- PROMPT
Copy the data exactly, pictures aside.

- EXERCISE DATA
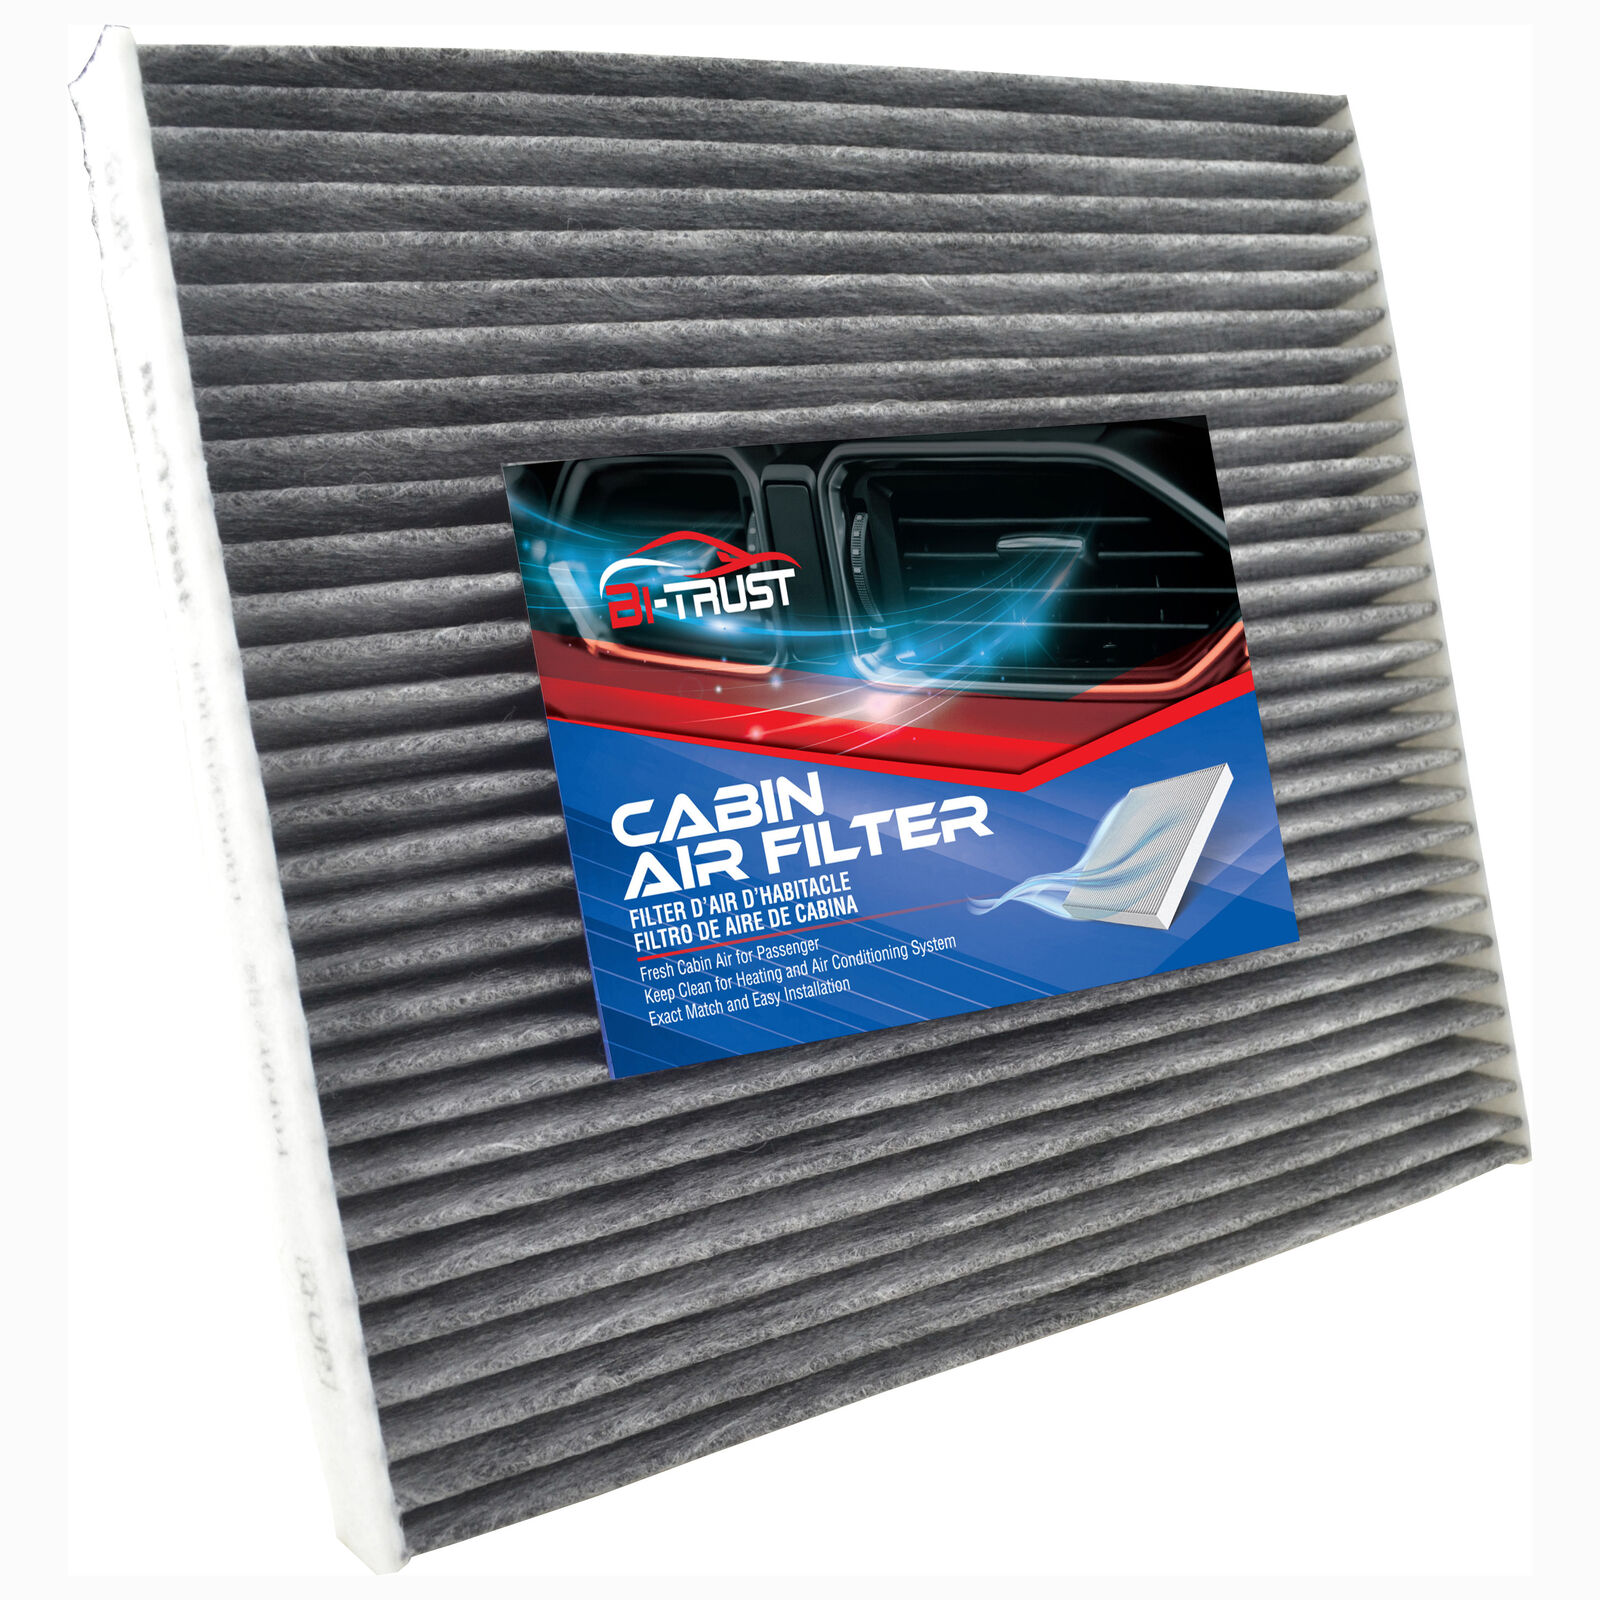 A/C Cabin Air Filter for Cadillac CTS 2004-2013 V6 3.6L STS 2006-2009 V8 4.4L
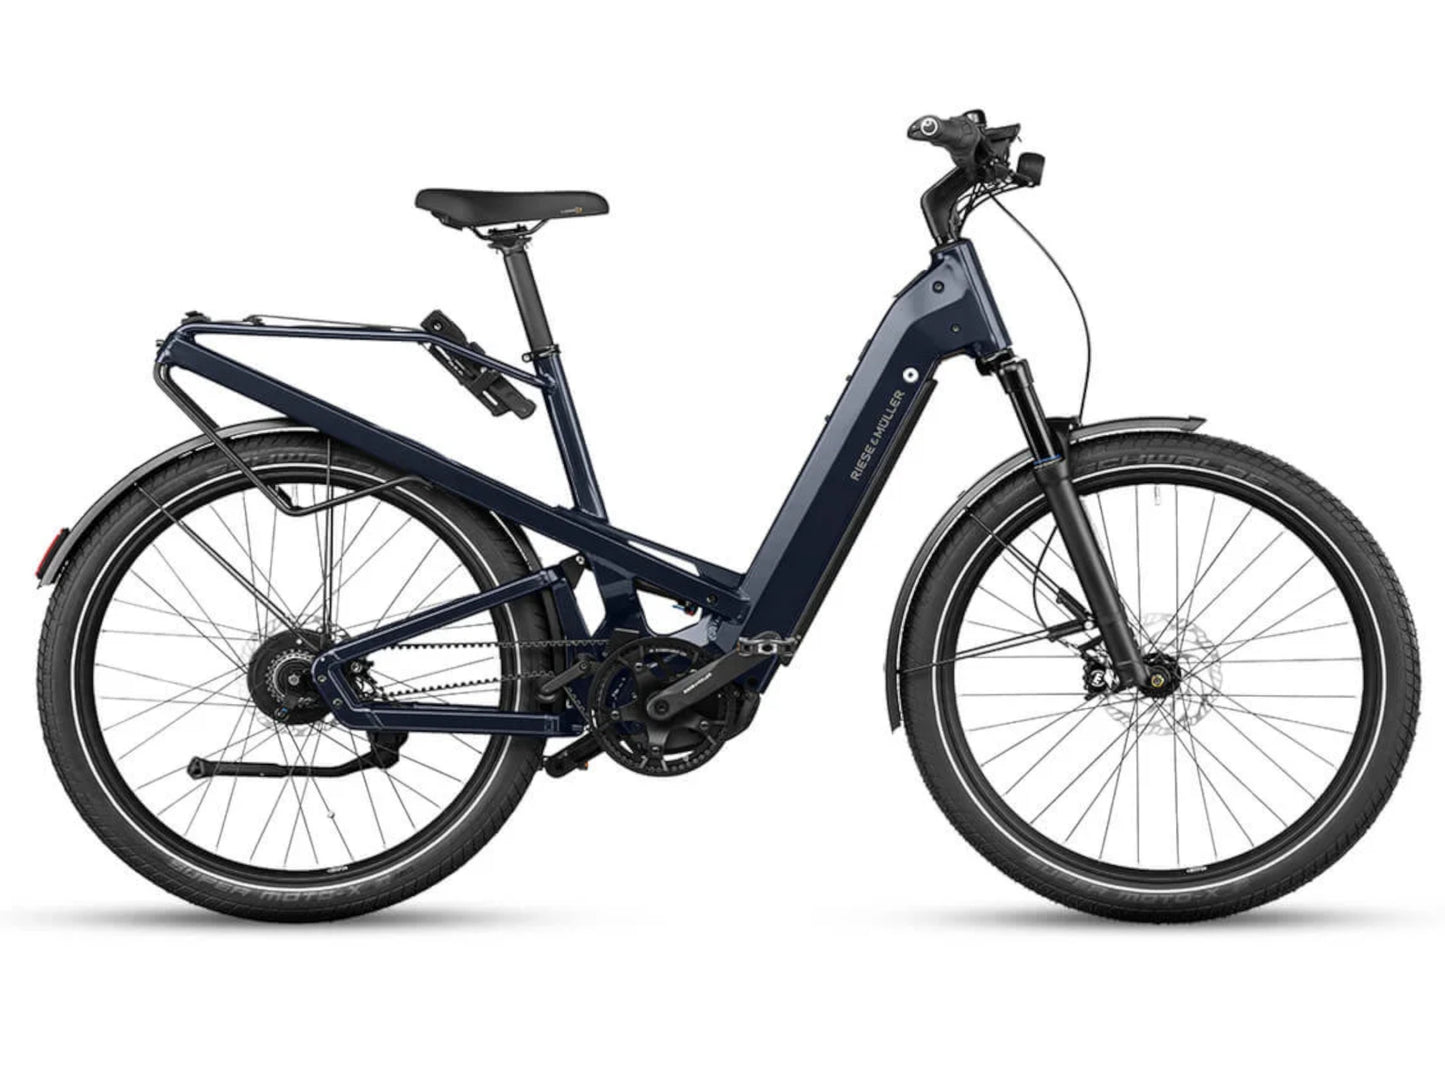 Riese and Muller Homage GT Vario eMTB full suspension deep sea blue profile on Fly Rides
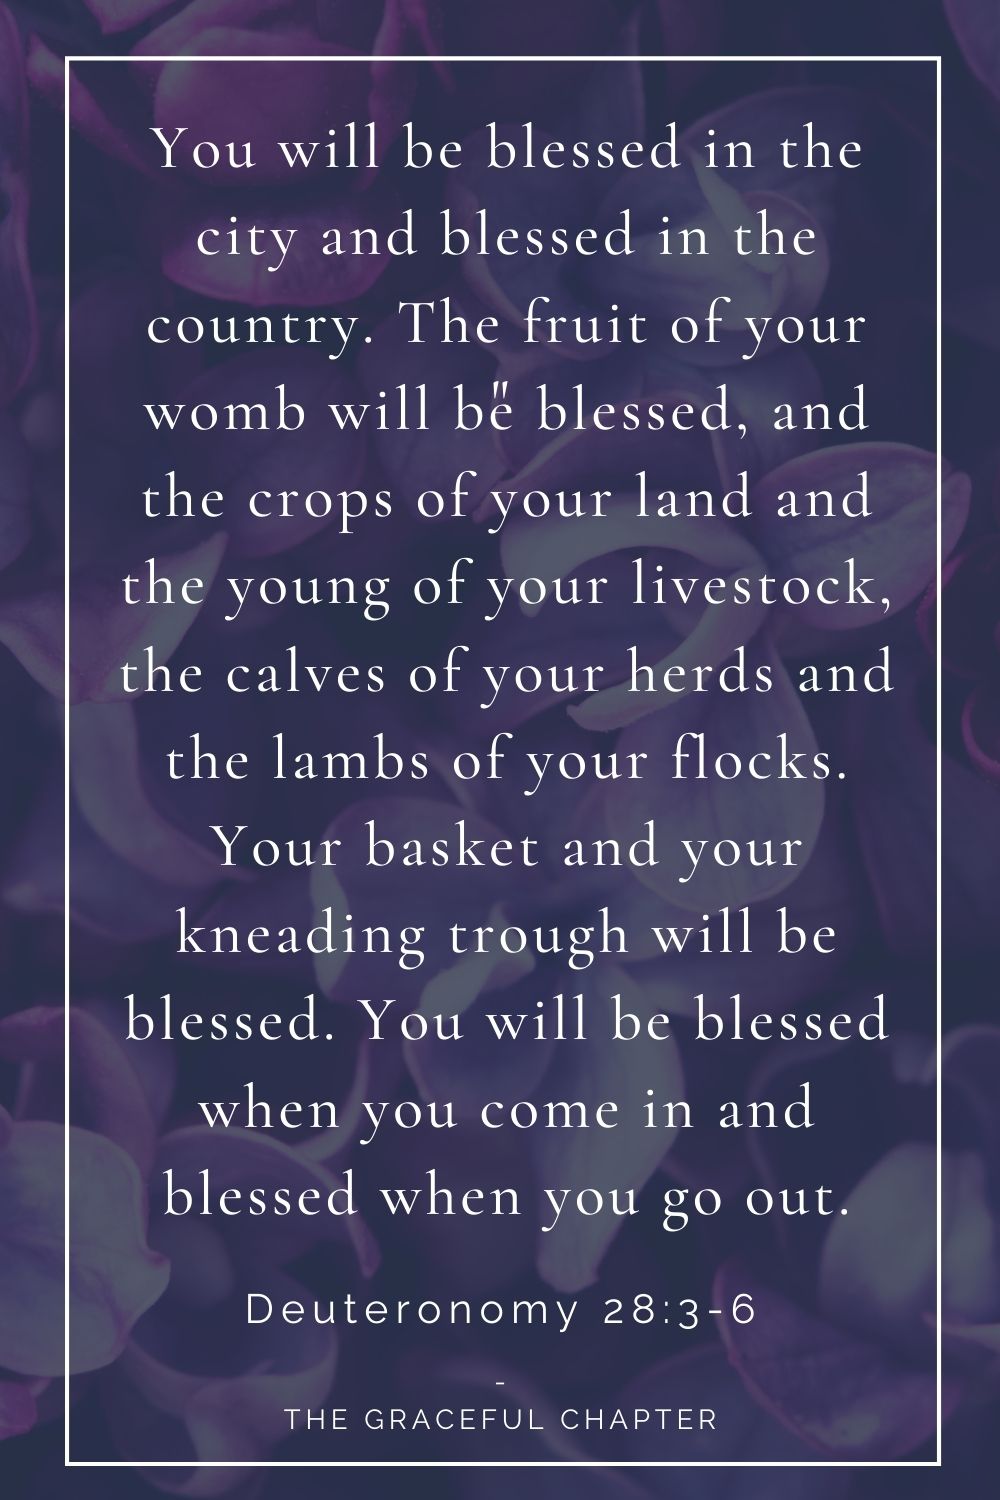 You will be blessed in the city and blessed in the country. The fruit of your womb will be blessed, and the crops of your land and the young of your livestock, the calves of your herds and the lambs of your flocks. Your basket and your kneading trough will be blessed. You will be blessed when you come in and blessed when you go out. Deuteronomy 28:3-6
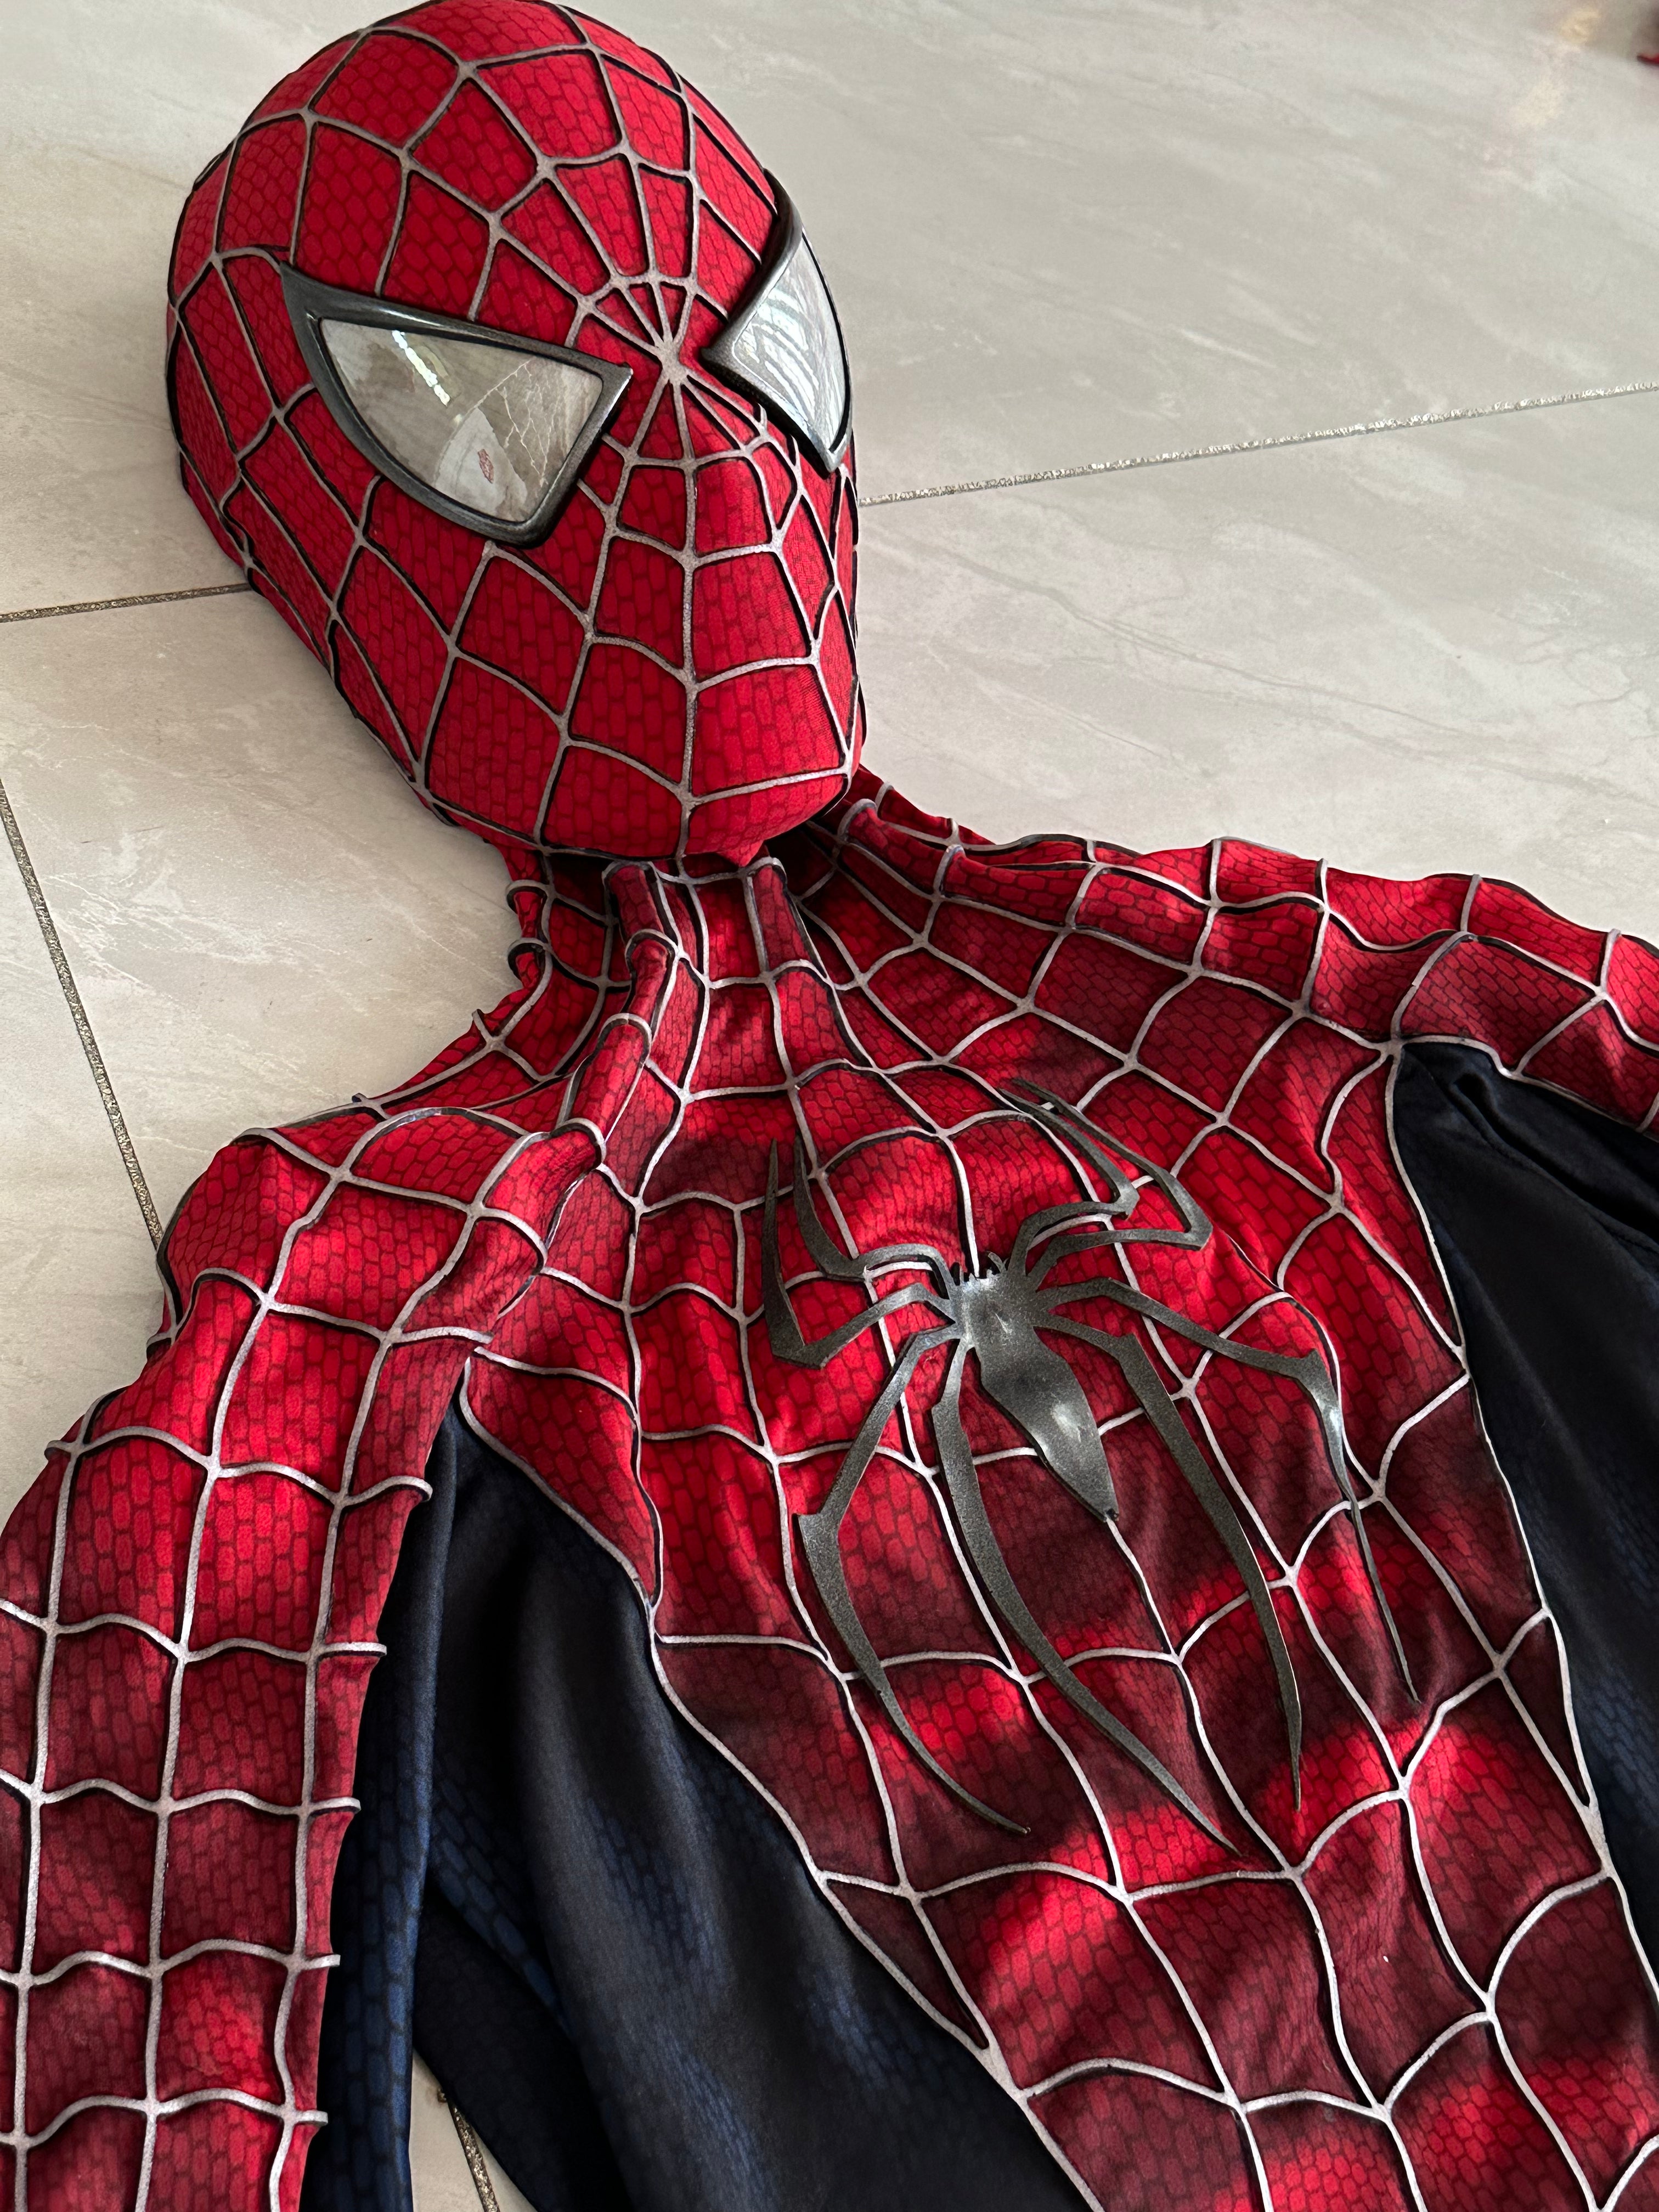 Spidey Suit SAM RAIMI TOBEY version with Face shell & 3D Rubber Web Movie Prop Replica(wearable)

- EXERCISE OUTPUT
 A/C Cabin Air Filter for Cadillac CTS 2004-2013 V6 3.6L STS 2006-2009 V8 4.4L
 Riese and Muller Homage GT Vario eMTB full suspension deep sea blue profile on Fly Rides
 You will be blessed in the city and blessed in the country. The fruit of your womb will be blessed, and the crops of your land and the young of your livestock, the calves of your herds and the lambs of your flocks. Your basket and your kneading trough will be blessed. You will be blessed when you come in and blessed when you go out. Deuteronomy 28:3-6
 Spidey Suit SAM RAIMI TOBEY version with Face shell & 3D Rubber Web Movie Prop Replica(wearable)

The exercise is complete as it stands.